Unhelpful Rhetoric

Politicians across the political spectrum live in a delusional world. In this world, facts are of little importance, and politically expedient sound bytes provide the answer of the hour. If the truth be told, the award for the most unhelpful rhetoric is not an easy one to bestow.

Some liberal politicians seem to believe that a four percent income tax hike on the nation’s highest earners will produce miraculous results: the federal government’s yearly deficit will disappear, cash-strapped social programs will receive additional funding, and the federal debt will gradually be paid down. If only life were so easy! Social conservatives, on the other hand, have a long-standing affinity for constitutional amendments – particularly when the topic is abortion or gay marriage. Passionate proclamations not withstanding, social amendments are unrealistic at best.

Recently, the Republican-controlled House of Representatives voted on a measure that would have banned some abortions in Washington DC. Its support crested at less than 59% of the 374 House members who voted. That isn’t close to the levels of support necessary for a constitutional amendment: 66% of House members, 67% of Senators, and approval from 38 states. Consequently, there will never be a constitutional amendment banning most abortions. Yet the unhelpful rhetoric continues.

In a similar manner, dispassionate consideration of the constitutional amendment process suggests that social conservatives who support a federal marriage amendment have embraced a comforting fantasy. Even if 66% of Representatives supported a marriage amendment (a doubtful prospect), the amendment would be unable to clear the remaining hurdles. Its been 100 years since Republicans held the seats necessary to successfully guide a controversial amendment through the US Senate, and the prospects aren’t much brighter at the state level.

Six states presently recognize gay marriage (MA, CT, IA, VT, NH, NY), while another five states recognize same-gender unions (DE, HI, IL, NJ, RI). Hence the aforementioned 11 states would likely oppose a constitutional amendment banning gay marriage. Unfortunately for marriage-amendment conservatives, opposition from only two additional states would doom their amendment. Given the political inclinations of Maryland, Maine, New Mexico, Washington, Oregon, and California, it’s difficult to see pro-amendment forces succeeding in in five out of the six states. In other words, a marriage amendment is practically impossible.

For decades, support for legalized abortion has consistently made the issue amendment proof; more recently support for same-sex unions has made a federal marriage amendment moot also. Conservative activists and lawmakers need to firmly embrace reality: occasional forays into the federal court system will always be helpful, but absent drastic societal changes, amendment rhetoric is useless.

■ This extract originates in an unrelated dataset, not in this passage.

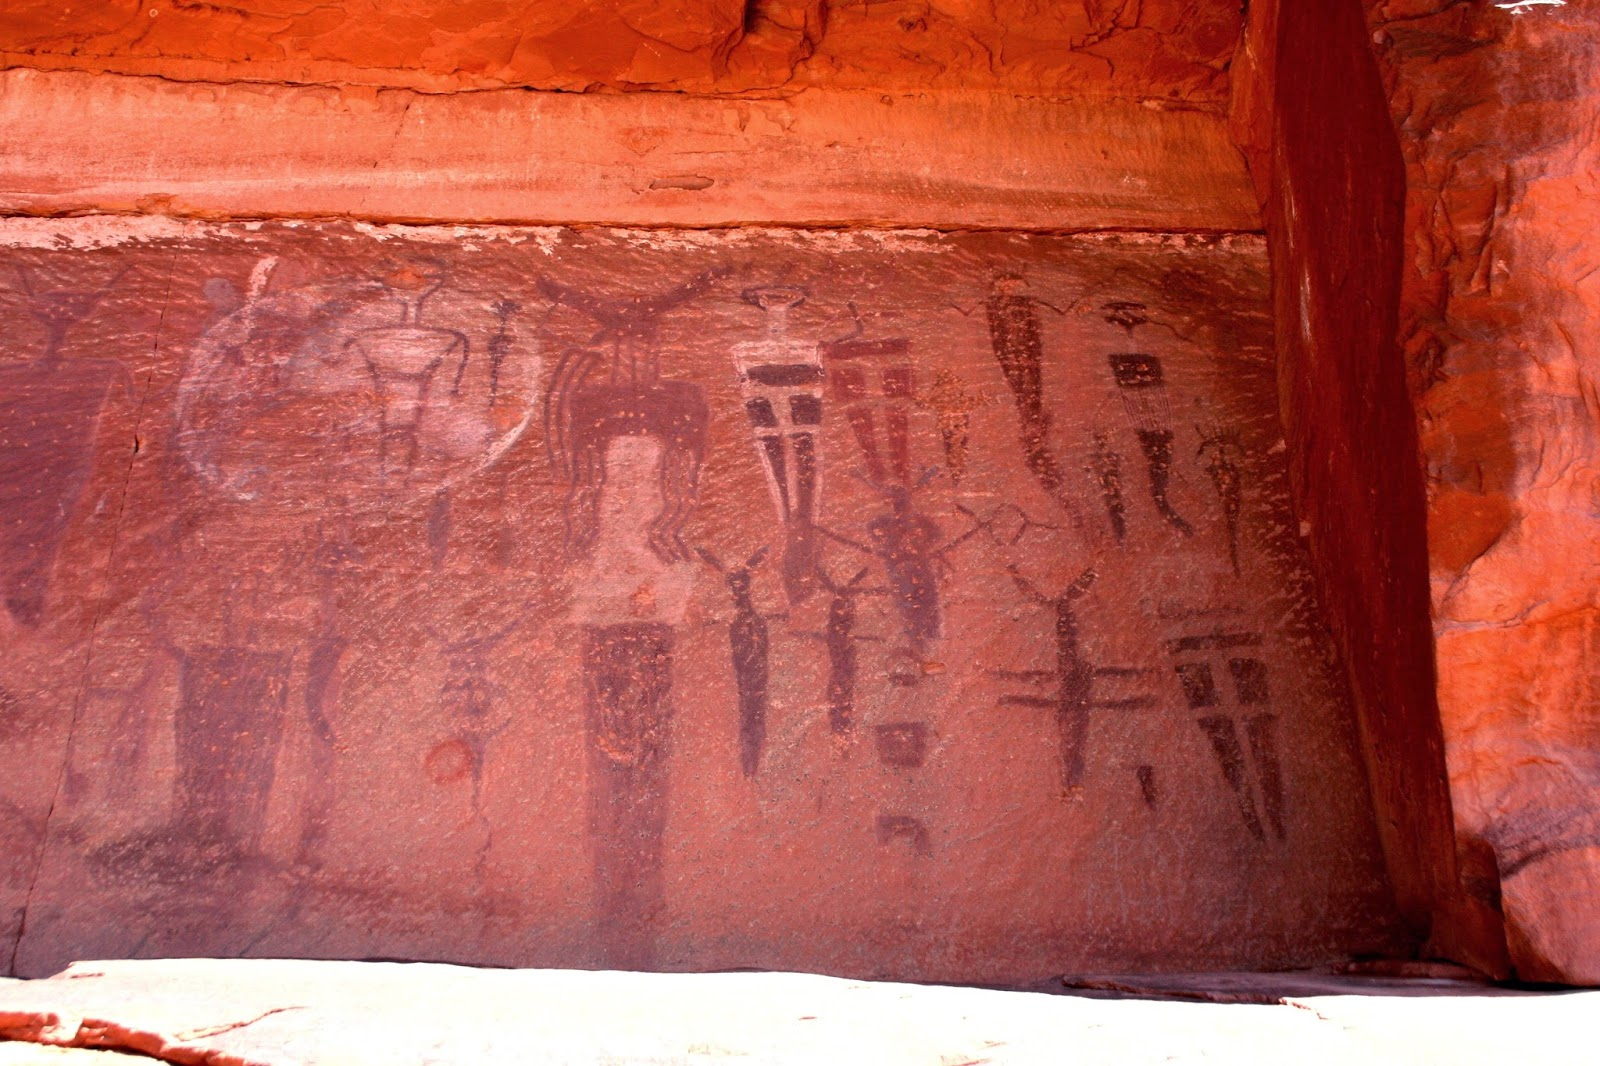 Utah Pictographs Petroglyphs And Rock Art April 2014

Nevertheless, timid and uncreative Republican politicians continue to burnish their conservative credentials with pointless pro-amendment rhetoric. Socially conservative voters need to stop rewarding such foolishness; political utopianism should be jettisoned for realistic steps in the right direction. For instance, conservatives could reduce the number of abortions by not only encouraging abstinence, but also promoting contraception. Likewise, conservative state leaders could quell the debate over same-sex unions by ending the practice of recognizing and licensing private marital relationships. While conservatives are unlikely to change their course, the possible long term consequences of rejecting new strategies are substantial.

Politicians who largely reject the use of contraception as a means of lowering the number of abortions, do so with minimal political risk. Yet the human toll is troubling. Contrarily, leaders who refuse to support the government’s exit from the arena of marriage, can count on the political support of their socially conservative allies. Yet the damage could be extraordinary.

At present, state-level bans on same-sex unions could disappear with a single judicial pronouncement. Thereafter, opposition to government paternalism may well fracture. Marriage traditionalists will continue win party primaries, but their repeal-the-decision rhetoric will precipitate the flight of socially moderate voters from their coalition. Electoral losses will ensue. As a result, short-handed fiscal conservatives in congress may be unable to steer the country away from a lengthy debt-induced economic slough.

Admittedly it is hard to ignore the Democratic party’s apparent belief in fiscal magic, and their recent rhetorical fixation on their opponent’s supposed war on women. However, neither of these notions have the potential to create political fissures that could effect the United State’s economic health for years to come. Thus the award for the most unhelpful rhetoric goes to pro-amendment social conservatives.